Lebanese militant Anis Naccache, an accomplice of the notorious Carlos the Jackal, died Monday of coronavirus in a Damascus hospital at the age of 70, Syrian state media said.

Naccache took part in the 1975 OPEC conference hostage-taking in Vienna.

Hailing him as a "thinker and freedom fighter", the official SANA news agency said he was "admitted into intensive care two days ago... because his health deteriorated as a result of Covid-19".

Authorities will repatriate his remains for burial in Lebanon, said the pro-Damascus Al-Mayadeen television channel.

Naccache was jailed in France for leading an attempted assassination of Iran's former prime minister Shahpur Bakhtiar in Paris in 1980.

A five-man hit squad led by Naccache killed two people in the attack on Bakhtiar's home in the western suburb of Neuilly-sur-Seine.

Lebanese militant Anis Naccache in 2010
Lebanese militant Anis Naccache in 2010 AFP / Anwar AMRO

They were all jailed for life, but former president Francois Mitterrand pardoned them in 1990.

Naccache is known as the Lebanese accomplice of Carlos the Jackal, born Ilich Ramirez Sanchez, a Venezuelan who is serving a life sentence in France.

Carlos the Jackal shot to the front pages in 1975 when he headed the six-person commando team that held captive 70 representatives of OPEC (the Organisation of Petroleum Exporting Countries), including 11 government ministers, after a shoot-out that left three people dead.

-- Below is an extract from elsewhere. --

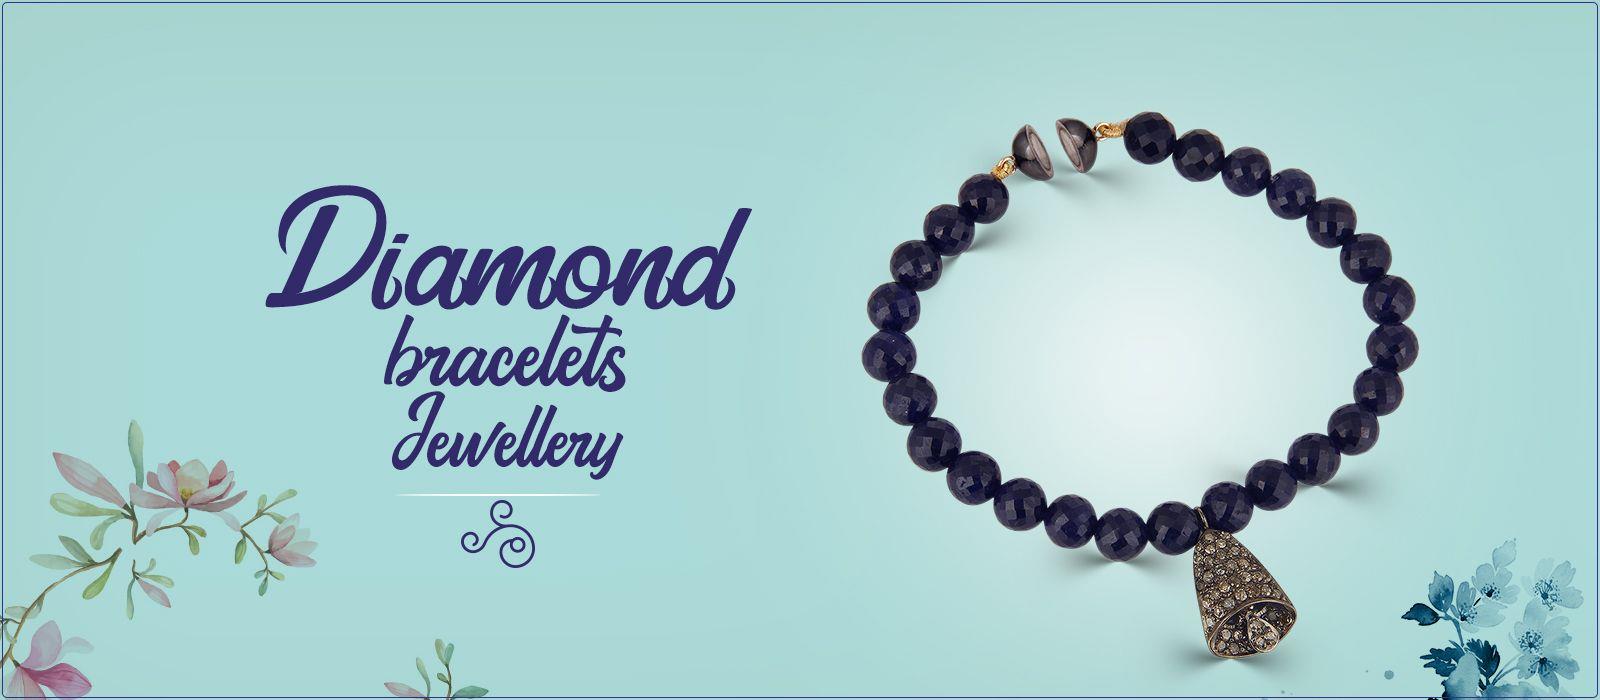 Wholesale diamond bracelets jewelry manufacturer
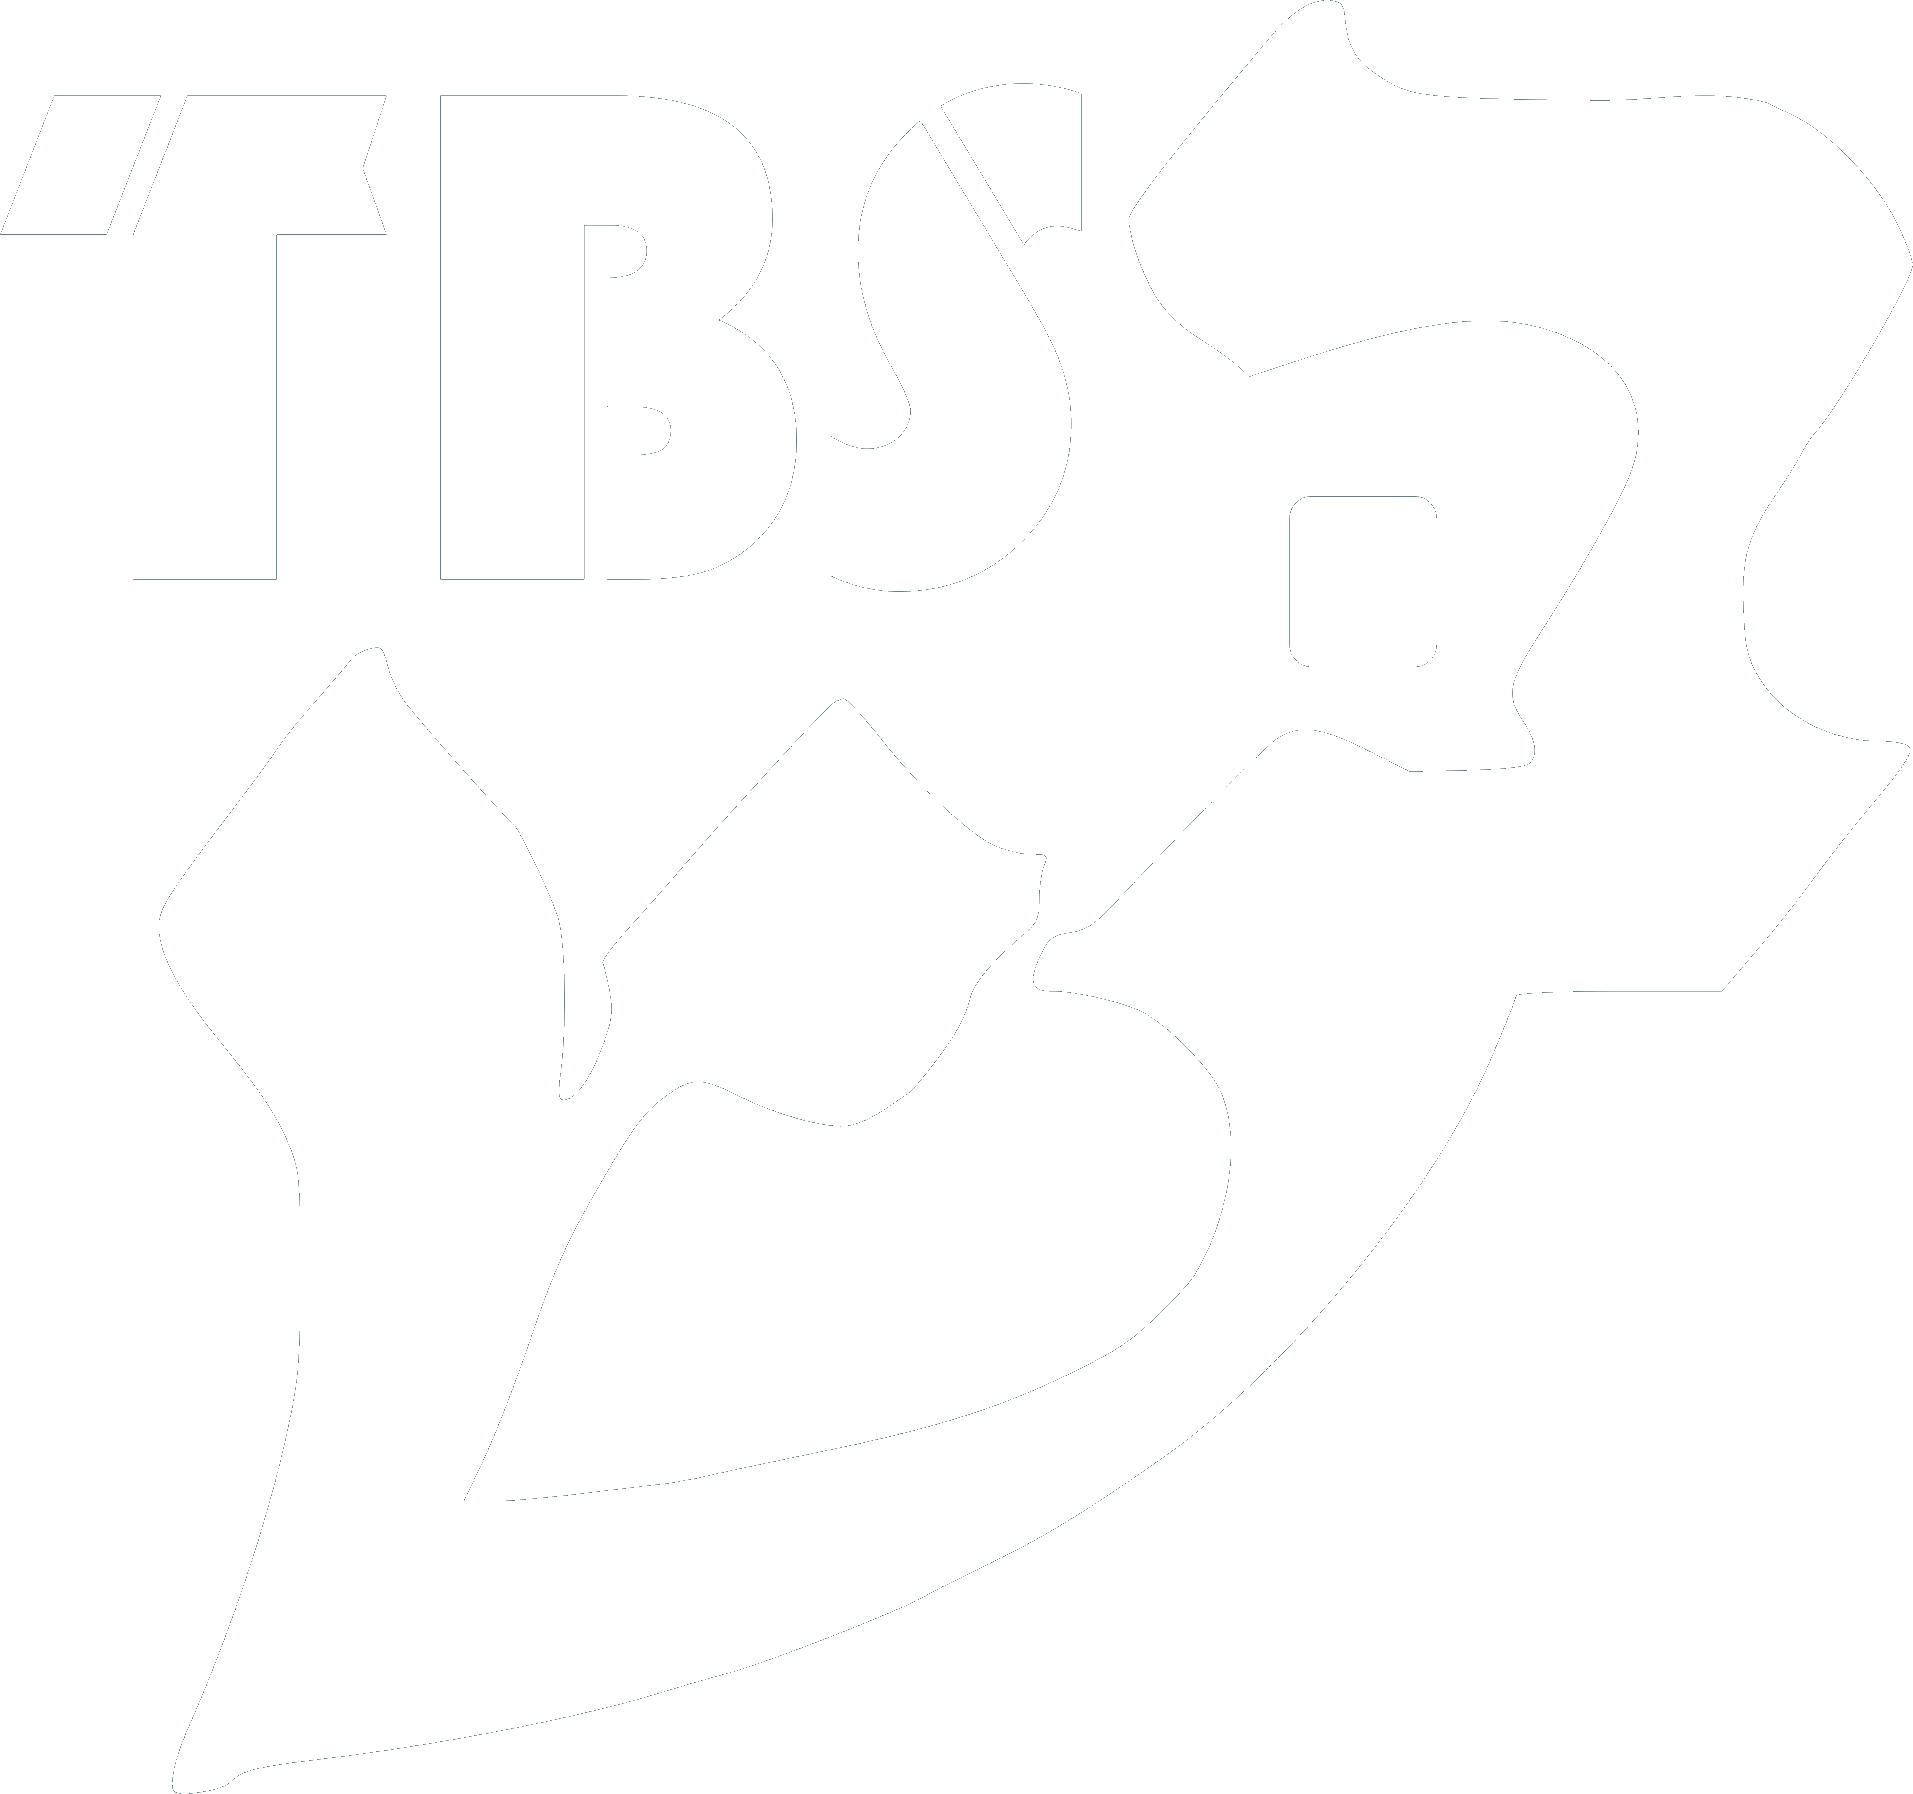 TBS logo in white

Naccache was the second in command.

In recent years, Naccache, a vocal supporter of Syrian President Bashar al-Assad, regularly appeared as a commentator on pro-Iranian media platforms such as Al-Mayadeen and Al-Manar, a Lebanese television channel operated by the Shiite Hezbollah movement.

He also "played until the mid-1990s an important coordination role between the leadership of the Palestinian resistance and that of the Islamic revolution in Iran", SANA said.